Né trois fois – en Autriche où il débuta le culturisme, à Hollywood comme acteur, puis en politique comme gouverneur – Arnold Schwarzenegger incarne le rêve américain dans un déroulé impeccablement séquencé. Au cinéma, sa démesure a été la matrice d’une génération de figurines bodybuildées dont Dwayne « The Rock » Johnson serait l’étendard contemporain. Lui non plus ne fait guère mystère de ses ambitions politiques, à la différence près que l’ex-catcheur possède l’acte de naissance idoine pour se lancer à la conquête de la Maison Blanche. Cette visée présidentielle, à jamais hors d’atteinte pour l’émigré autrichien, reste la seule limite d’un destin à la fois exceptionnel et emblématique. Exceptionnel, car Schwarzie fut le premier à se bâtir un corps aux dimensions mêmes de l’Amérique, véritable réplique en chair et en os de sa « promesse infinie d’abondance ». Emblématique, parce que ce prototype aussi aberrant qu’éphémère annonçait les mutations de la post-humanité, dans ce qui reste une œuvre d’anticipation d’une étonnante cohérence. Une puissance oraculaire que ce colosse débarqué des pâturages styriens tirait, paradoxalement, de sa radicale altérité.
Prolongement à l’écran d’un essai remarquable publié en 2016 par le critique Jérôme Momcilovic, La Fabrique d’Arnold Schwarzenegger, coréalisé avec Camille Juza, fait poindre des archives une mélancolie inattendue, celle d’un demi-dieu privé d’Olympe, empêché de franchir l’ultime palier qui aurait parachevé son ascension sur la scène publique. Cette mélancolie filtre derrière ce sourire sculpté dans la glaise d’un visage ivre de contentement, qui assure de talk-show en talk-show le service après-vente de sa success story reaganienne. Reagan, auquel Schwarzenegger succédera bien plus tard au poste de gouverneur, fut le premier à remettre au pas cette Californie échevelée par la contre-culture des seventies. Dès lors, quel meilleur ambassadeur pour sa décennie triomphale que celui qui choisit l’insolente Venice Beach pour parfaire son physique herculéen et en remontrer au reste de son pays d’adoption ?

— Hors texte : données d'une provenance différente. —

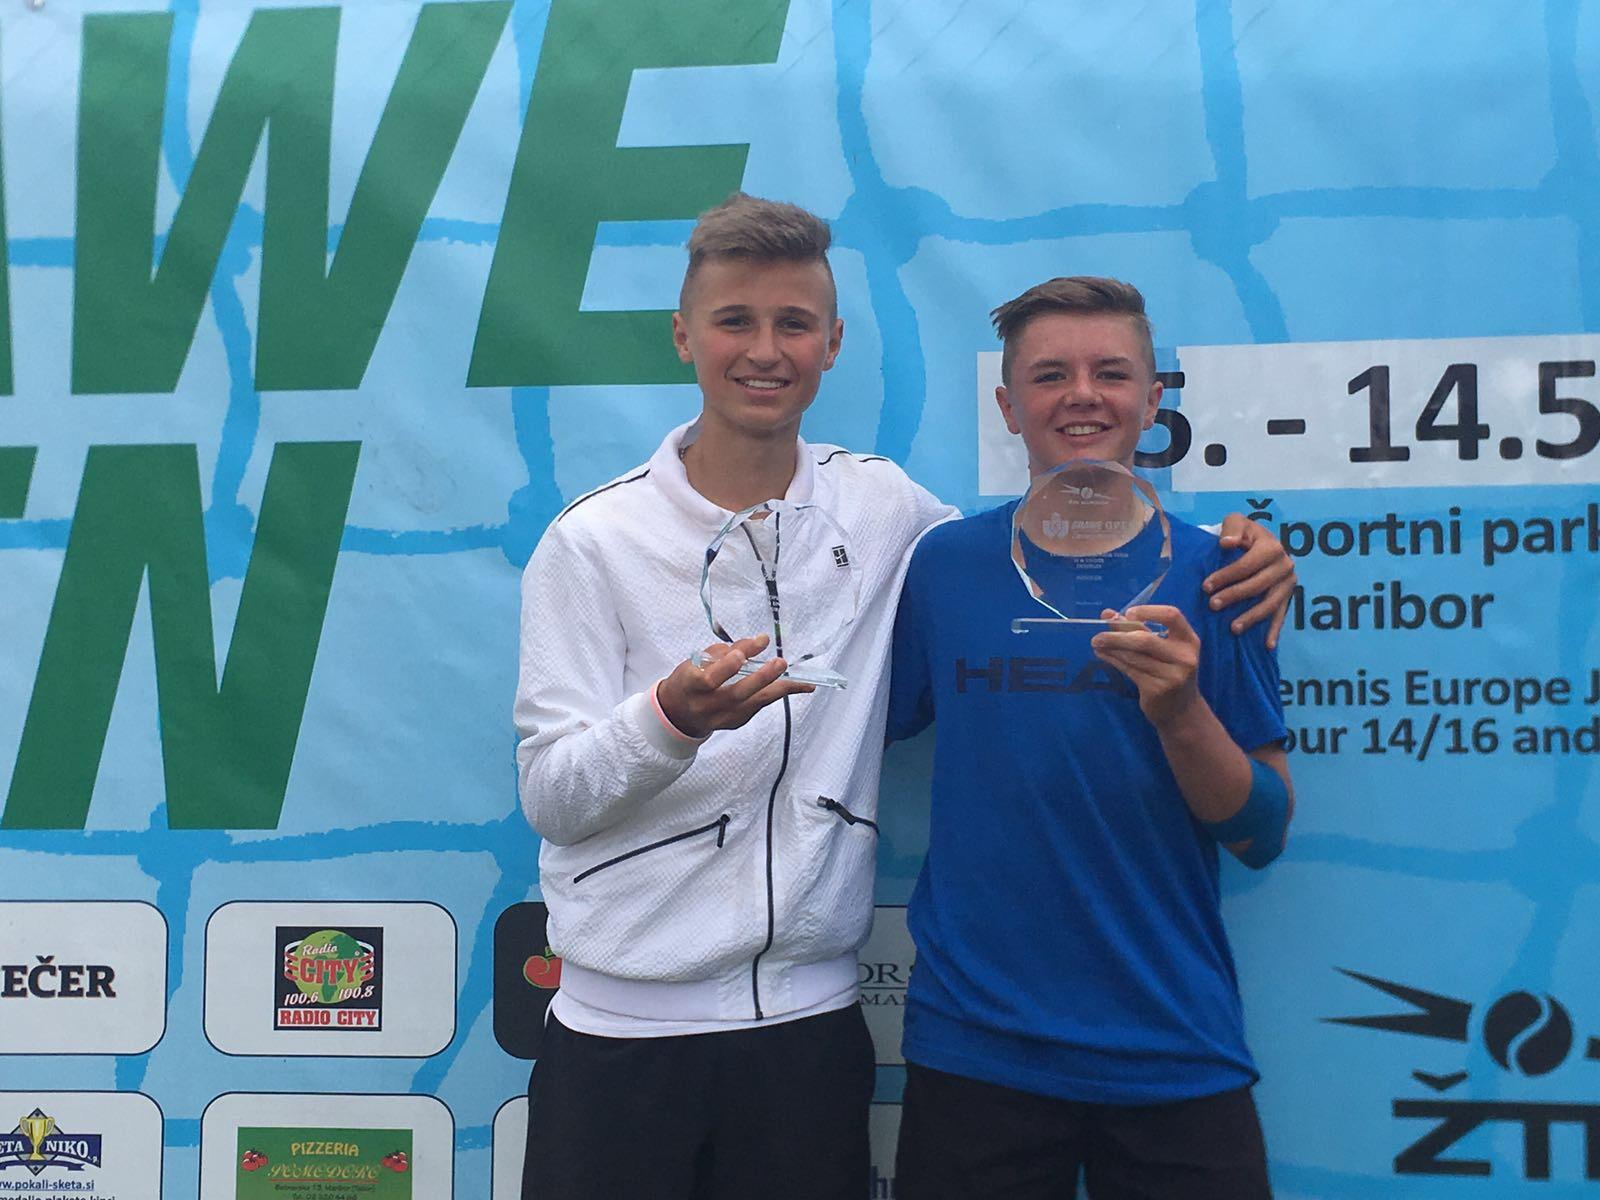 Sieger Maribor MD U16 mit Leandro Riedi

L’histoire de Schwarzenegger, c’est donc celle d’un self-made man qui fabrique l’Amérique autant qu’elle le fabrique : un Musclor usiné à ciel ouvert qui prophétise la révolution du fitness et l’avènement de la politique-spectacle, tout en actant le basculement d’Hollywood dans une nouvelle ère de la représentation des corps, marquée par leur technicisation accrue et leur hybridation avec les machines. Simultanément, elle inaugure le déclin d’une tradition circassienne, celle des freaks dont Schwarzie (et bientôt Jim Carrey) travaille le versant parodique et cartoonesque pour ne bientôt devenir plus qu’image. Si sa starification coïncide avec l’apothéose d’un capitalisme sous anabolisants, elle enclenche simultanément le compte à rebours d’une obsolescence programmée. À l’orée des années 1990, en confrontant le T‑800 au T‑1000, Terminator 2 illustre ce combat perdu d’avance de l’homme, même robotisé, contre l’emprise inéluctable du numérique, impossible à métaboliser.
Le documentaire de Momcilovic et Juza aura une résonance particulière pour les cinéphiles d’une certaine génération, pour qui l’apparition du Terminator dans un crépitement d’éclairs, sur une VHS prêtée le temps d’un weekend, relevait de l’épiphanie, au même titre que le moonwalk de Michael Jackson deux ans plus tôt. À travers ce jouet gigantesque, c’est bien notre histoire de spectateur que retrace aussi le film, jusqu’à l’enfance provinciale, hantée chez le petit Arnold par un père autoritaire et l’isolement rural. Au point d’en faire, une fois adulte, un cauchemar récurrent, dans lequel il est réveillé par sa mère et découvre qu’il n’a jamais quitté son village natal de Thal : « Je réalise que toute cette vie merveilleuse, ma vie, n’a jamais existé. » Un constat obsédant qui remet en mémoire la réplique goguenarde que lui lance Sharon Stone dans Total Recall : « Sorry, Quaid, your whole life is just a dream ! ».